Originally Posted by Kataangel
Hi I need urgent help for this expression as I have no idea how to get its derivative:

$\displaystyle f(x)=(x^2+1)^100(x^3-7)^2(x-1)(x^{10}+x+3)^{-1}$

I have to use the ln function but I can only come up to here:

$\displaystyle \frac{d}{dx}ln(f(x))=100\frac{2x}{x^2+1}+2\frac{3x ^2}{x^3-7}+\frac{1}{x-1}-\frac{10x^9+1}{x^{10}+x+3}$

Specifically I don't know how to get rid of the natural log function on the left side of the equation.
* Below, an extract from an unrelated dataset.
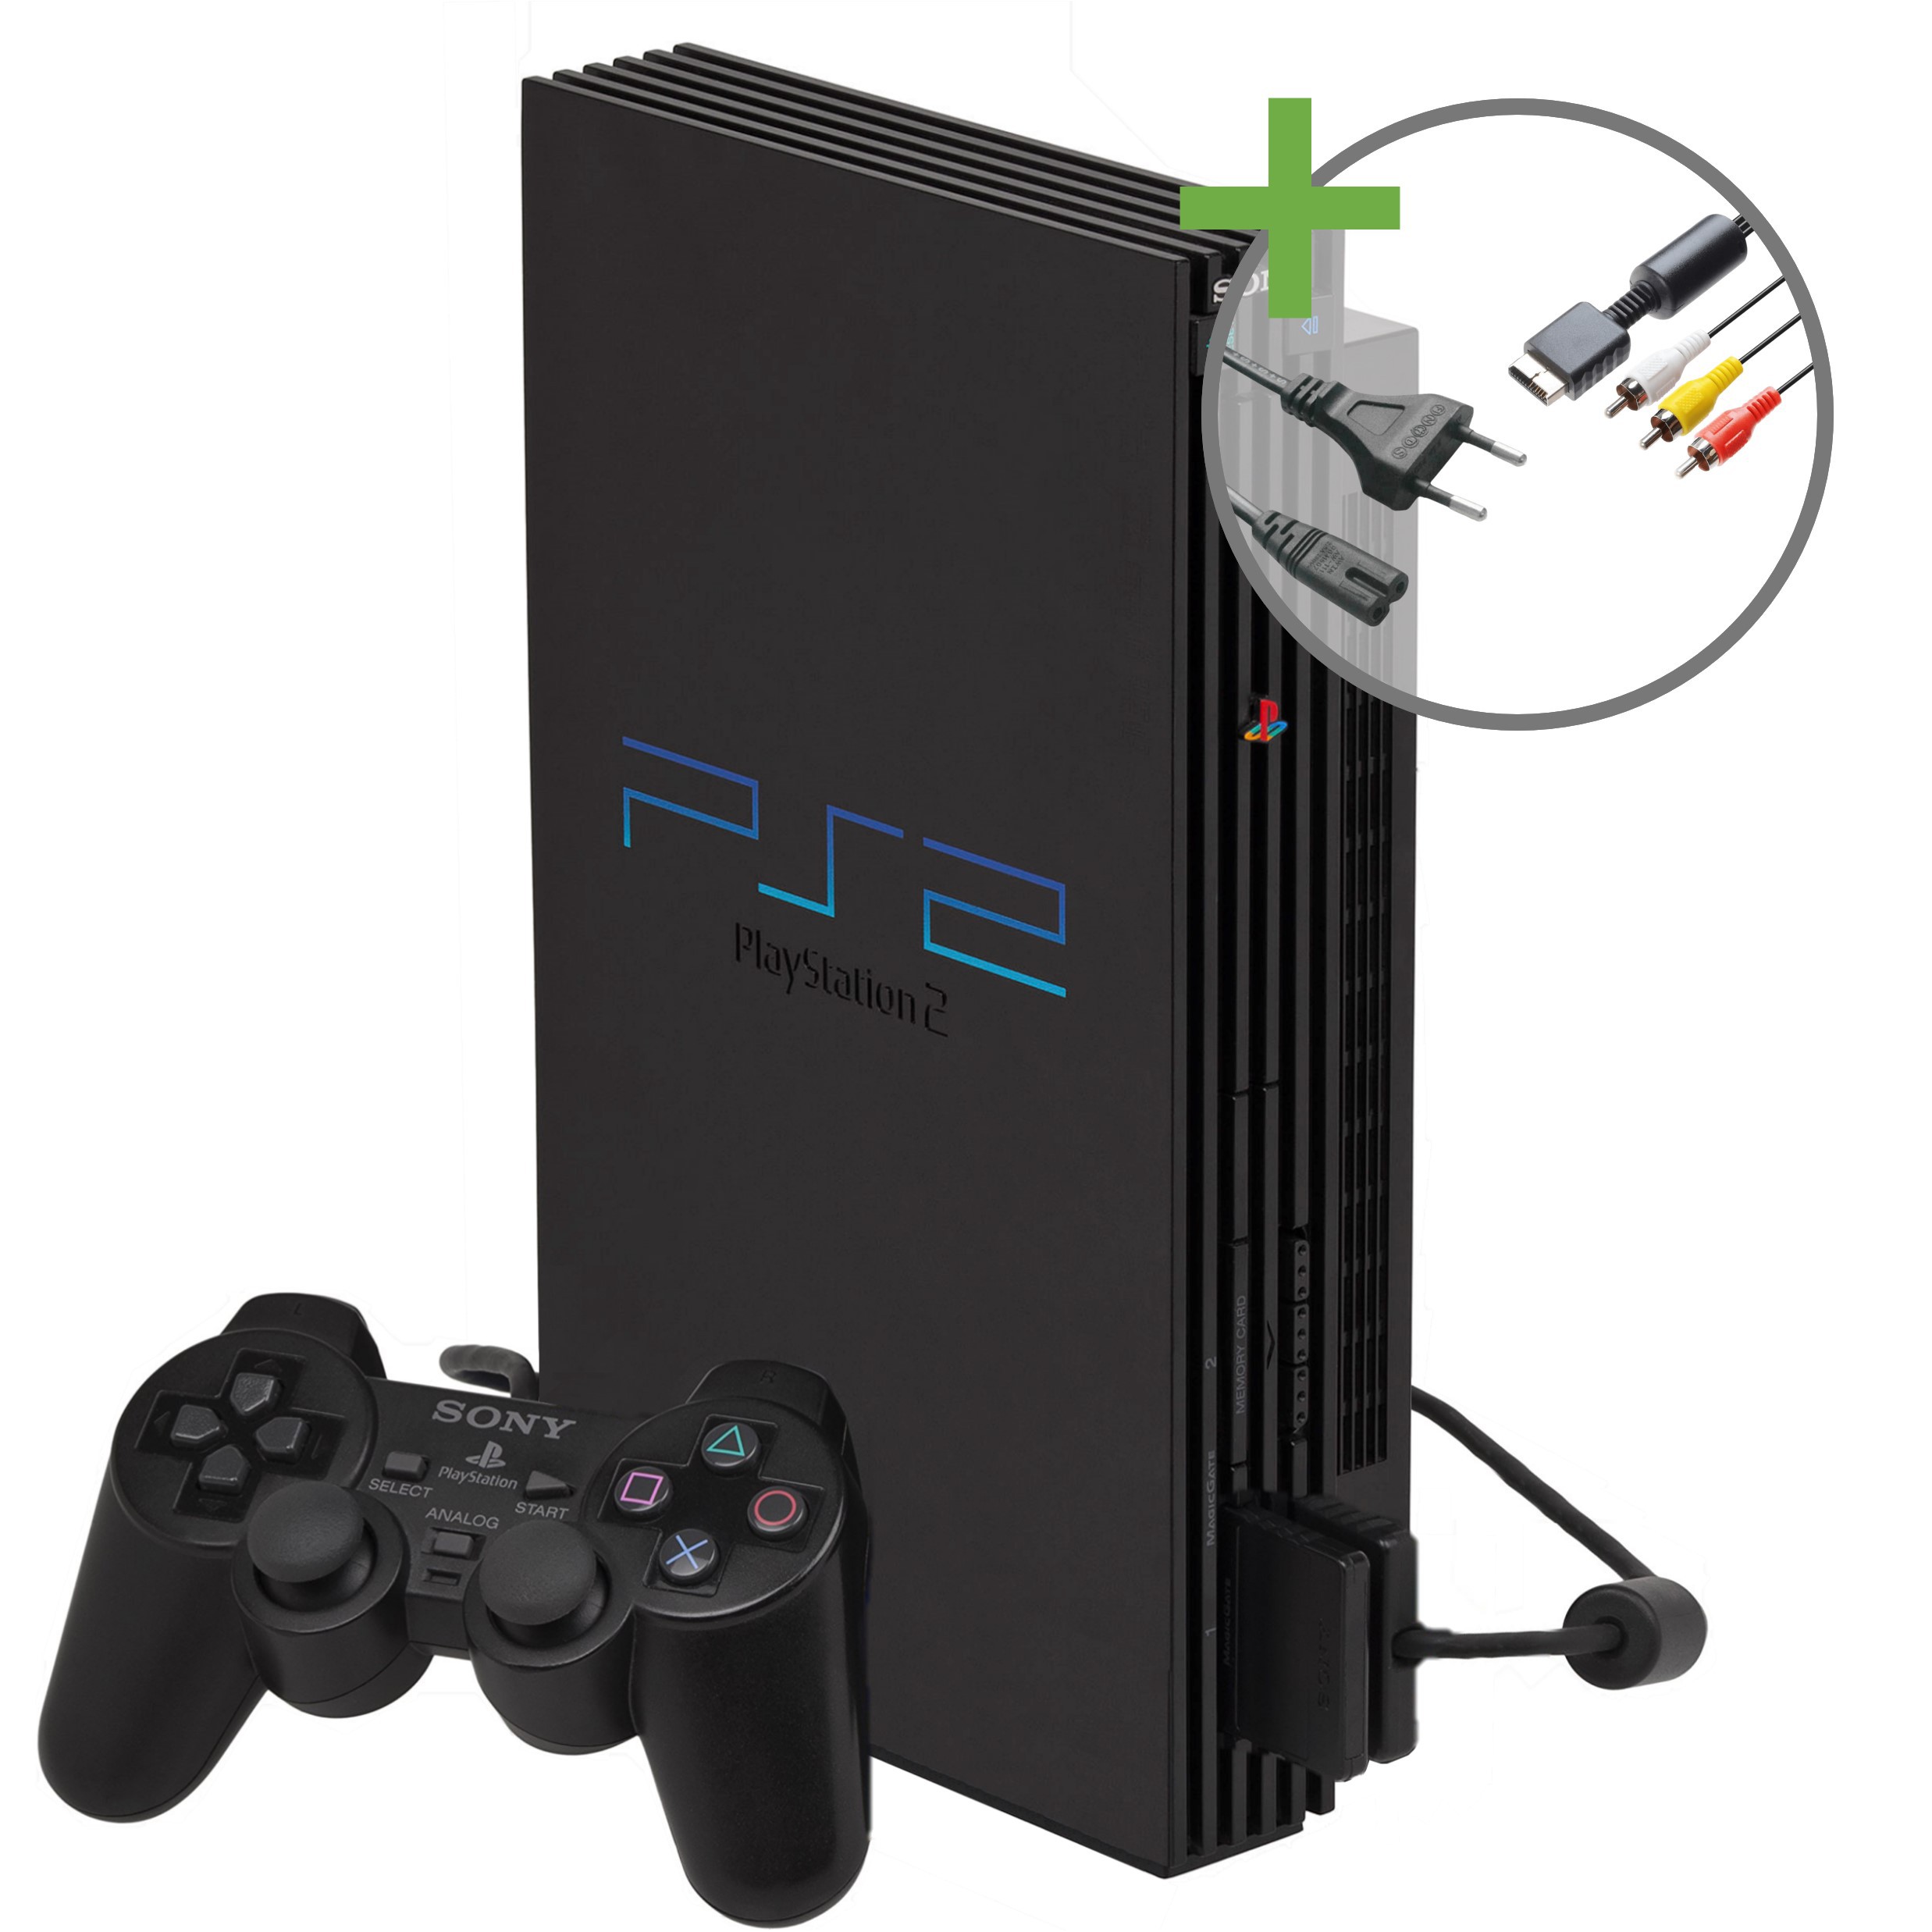 Sony PlayStation 2 Phat Starter Pack - Black Edition - Playstation 2 Hardware

I would appreciate if anyone could tell me how?

$\displaystyle \frac{d}{dx}ln(f(x))= \frac{1}{f(x)}f'(x)$
$\displaystyle therefore \quad \frac{1}{f(x)}f'(x)==\frac{200x}{x^2+1}+\frac{6x^2 }{x^3-7}+\frac{1}{x-1}-\frac{10x^9+1}{x^{10}+x+3}$
$\displaystyle therefore \quad f'(x)=f(x)\times (\frac{200x}{x^2+1}+\frac{6x^2}{x^3-7}+\frac{1}{x-1}-\frac{10x^9+1}{x^{10}+x+3})$
• Oct 14th 2009, 09:19 AM
Soroban
Hello, Kataangel!

Quote:

Hi, I need urgent help for this expression as I have no idea how to get its derivative.
. .
Why do you say that? You obviously know how to use logs and to differentiate!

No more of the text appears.